Porque eso es lo que son los asesinatos de líderes: atentados contra la democracia. Sólo que ocurren lejos de los estrados, donde la voz popular no tiene eco y las balas no hacen titulares.

La mayoría de estos líderes defendían su territorio del despojo, el narcotráfico o la minería ilegal. Otros, simplemente pedían que no les mataran a los hijos. Algunos ni siquiera se consideraban “líderes”: sólo eran personas con dignidad, algo que en Colombia puede costar la vida.

Lo más grave es que estos crímenes no son sólo individuales. Cada asesinato es también un mensaje colectivo: “no te metas”, “no opines”, “quédate callado”. Es una pedagogía del miedo que sigue haciendo escuela.

Y cuando no hay justicia, lo que queda es la costumbre. Las comunidades terminan organizando sus propios velorios y su propia memoria, porque saben que la justicia vendrá —si viene— tarde y desdentada.

Algunos podrían decir que no se puede comparar un intento de magnicidio en plena capital con crímenes en veredas olvidadas. Pero ahí está el error: lo que hace magnicidio a un asesinato no es el apellido de la víctima sino la intención de callar voces necesarias.

Si dejamos que sólo duelan los muertos con cámara, si sólo investigamos los casos que nos “ponen en ridículo internacional”, entonces no estamos defendiendo la vida sino el prestigio.

Y ese prestigio, a costa del olvido ajeno, termina convirtiéndose en cinismo. Porque todos sabemos —aunque no lo digamos— que si el atentado contra Uribe hubiera ocurrido contra un líder social en Tumaco, el país entero estaría hablando de otra cosa.

No creo estar pecando de  insensible o de poco  empático. Es un llamado a despertar. Colombia no se va a arreglar sólo con indignaciones selectivas. O nos duelen todos o no nos duele nadie.

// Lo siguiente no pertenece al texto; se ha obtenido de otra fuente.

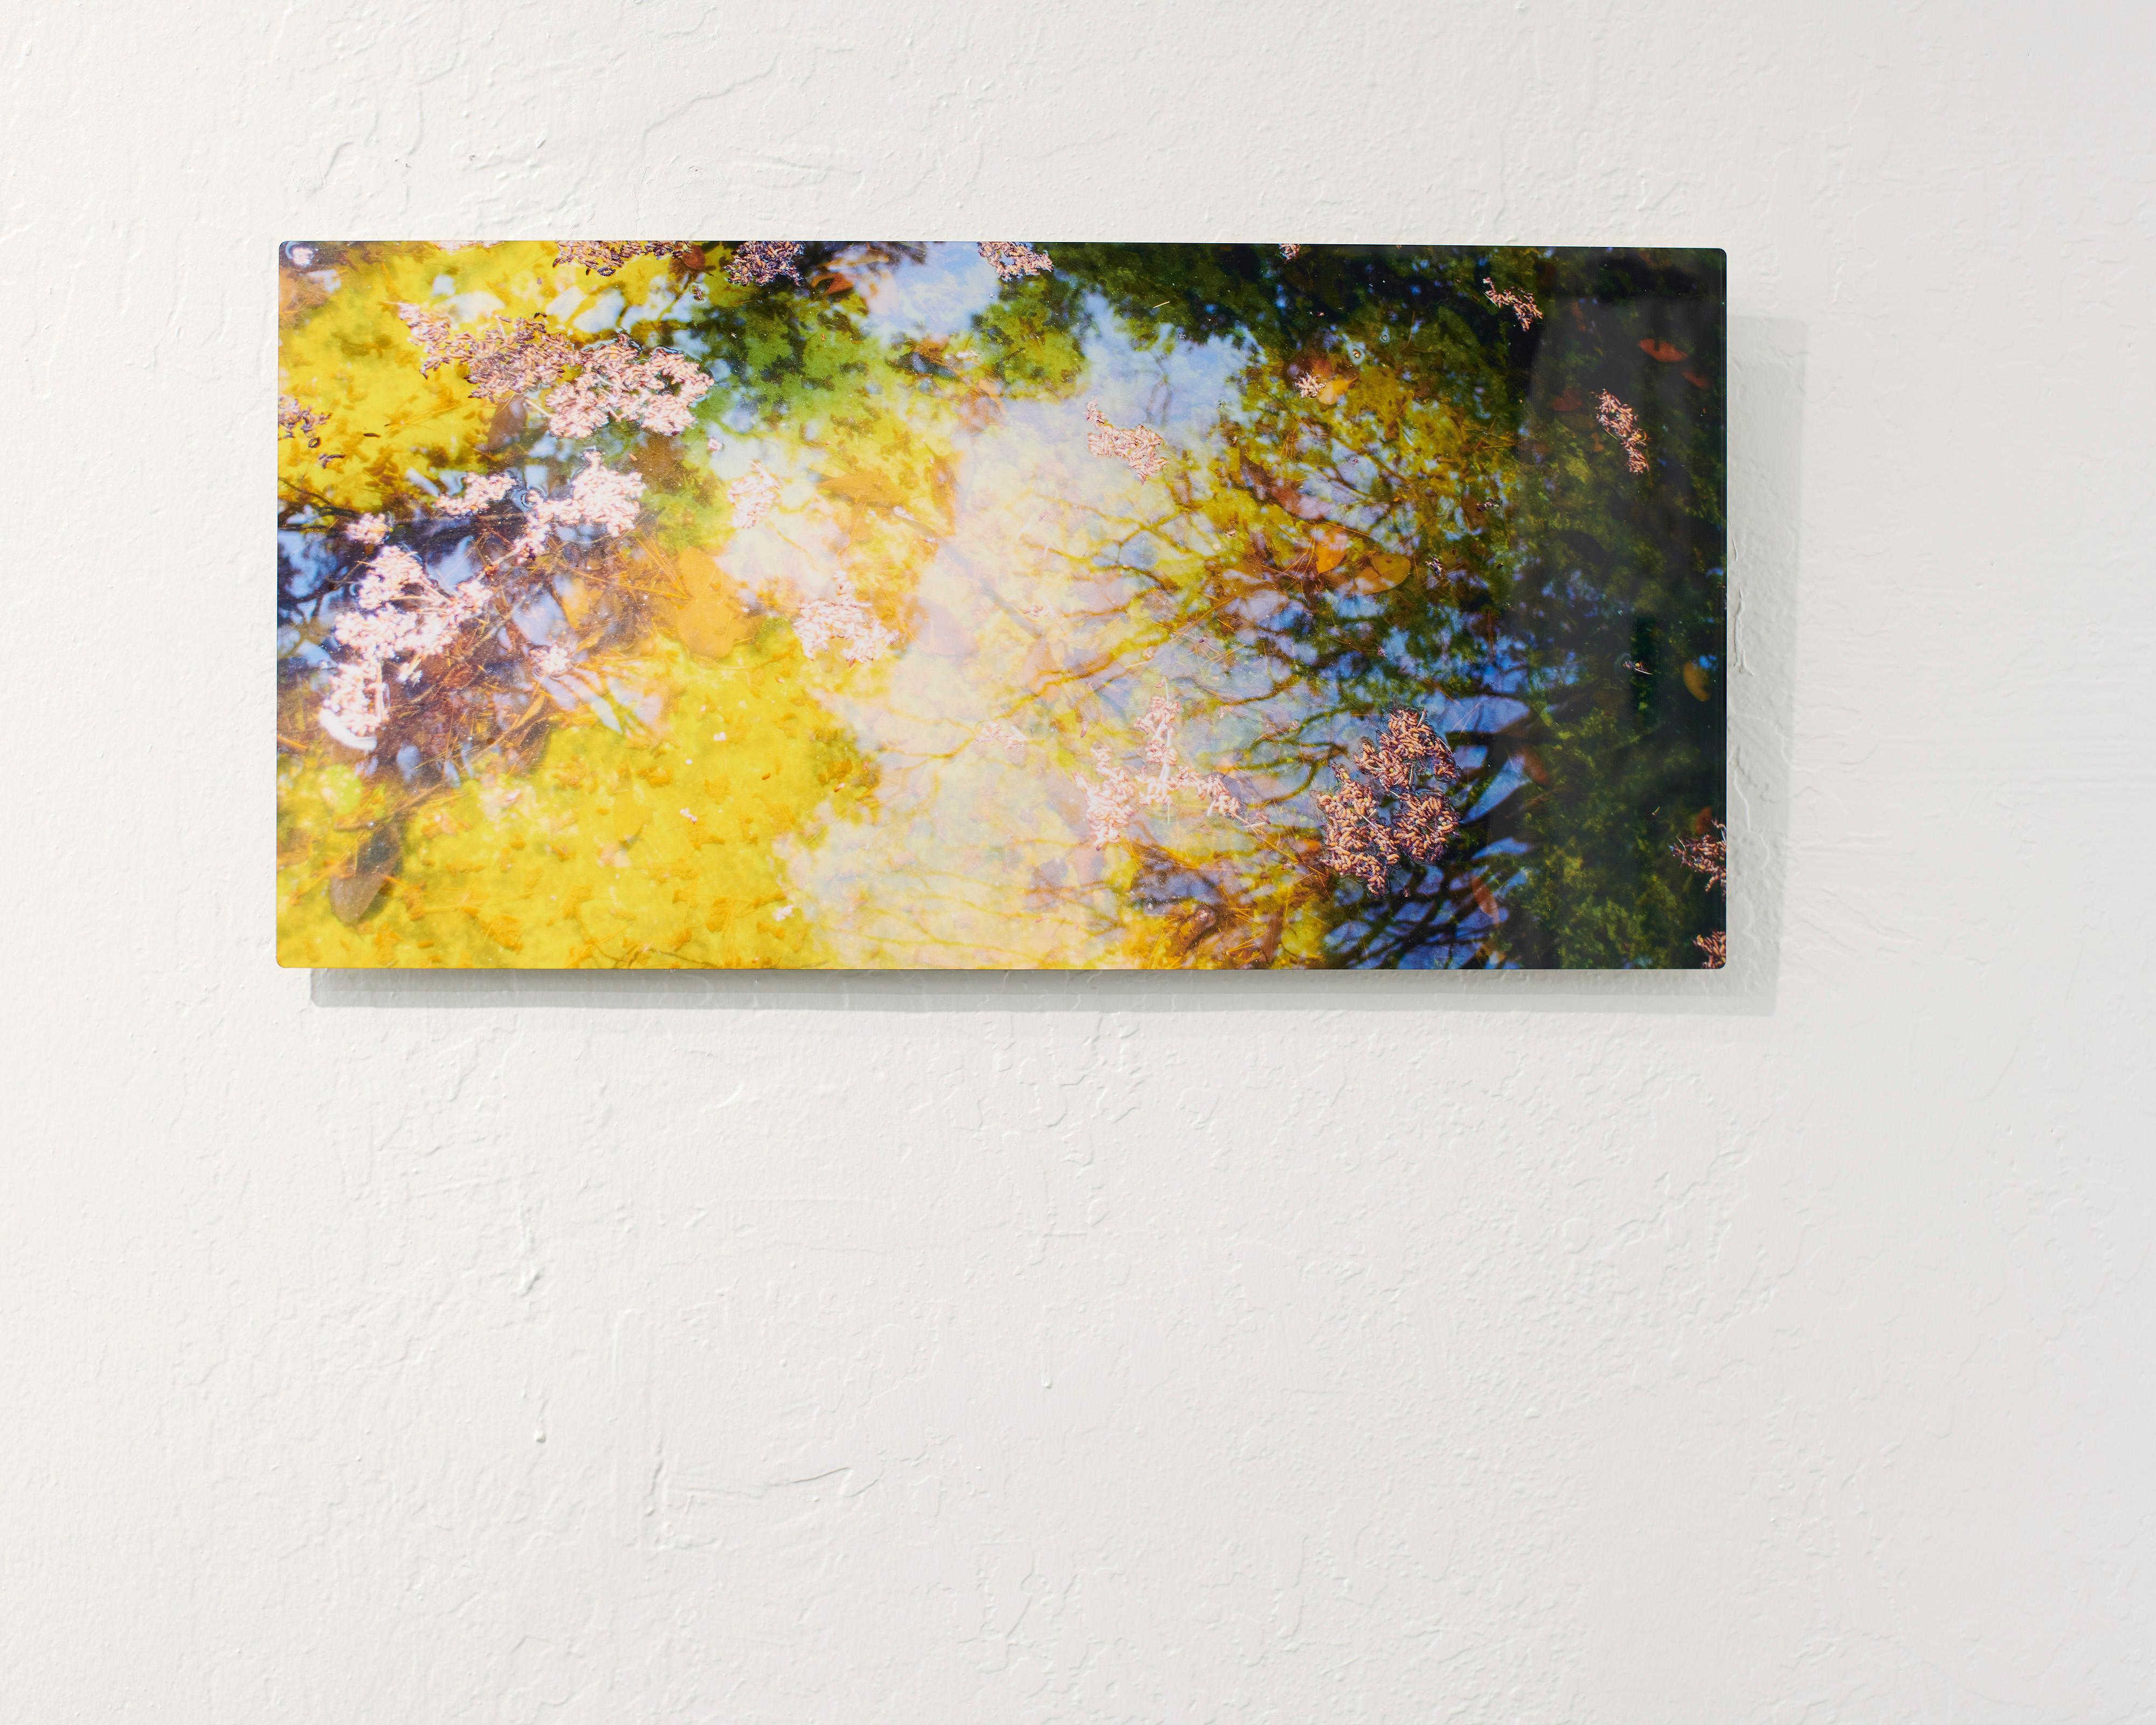 Reflection Nr. 4- Abstrakte Landschaftsfotografie eines Teichs / Bäumen in Gelb+ Grün (Zeitgenössisch), Photograph, von Rachel Berkowitz
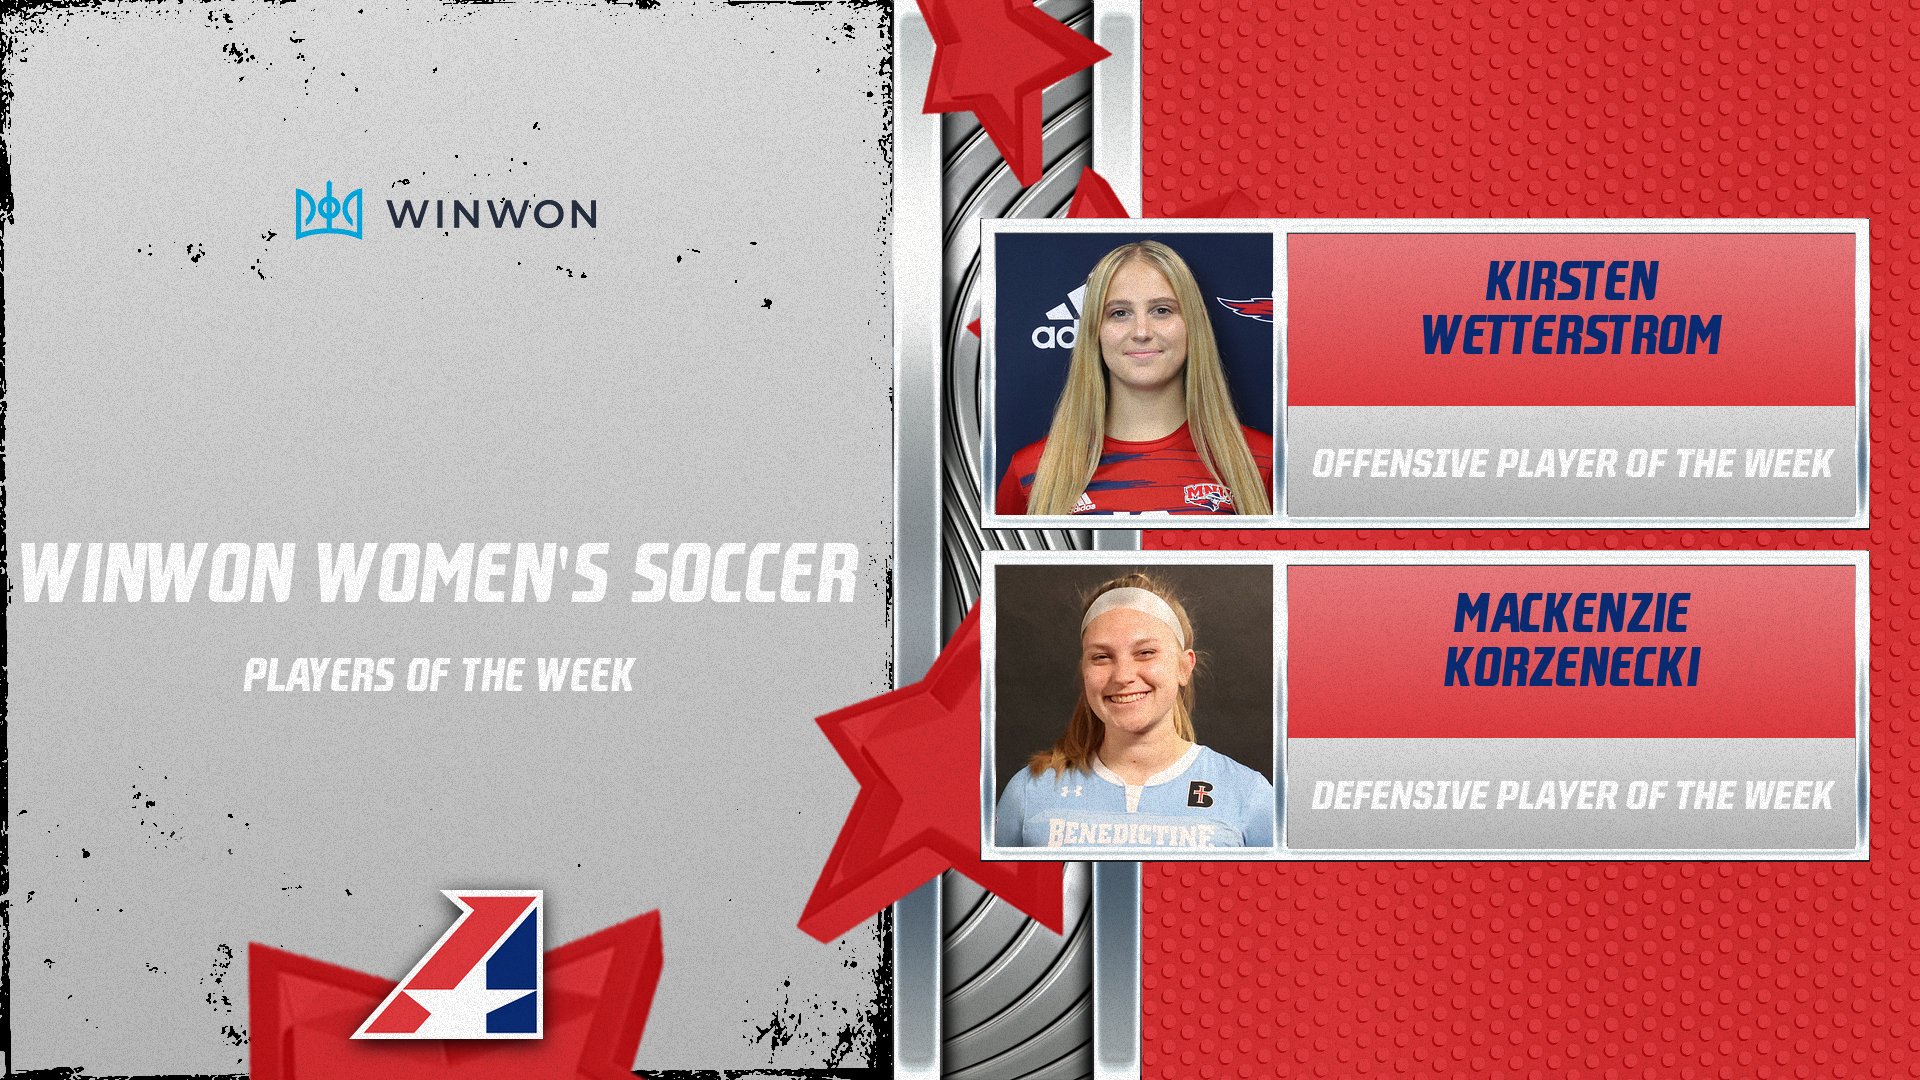 Korzenecki, Wetterstrom Selected WinWon Women’s Soccer Players of the Week

A veces da la impresión de que al Estado le interesa más cuidar la vida de quienes legislan que la de quienes sobreviven a lo que esos legisladores no han sabido legislar bien.

Pero la esperanza no está perdida. Todavía hay comunidades que resisten, que se abrazan en la plaza cuando les matan a uno de los suyos, que siembran plátano donde hubo plomo. Y todavía hay quienes escriben, no para señalar sino para irritar con respeto.

Porque si este país quiere seguir llamándose democrático, tiene que empezar por mirar con los mismos ojos a todos sus muertos. Y más aún: tiene que hacer lo posible para que no haya más. Tan sencillo como eso.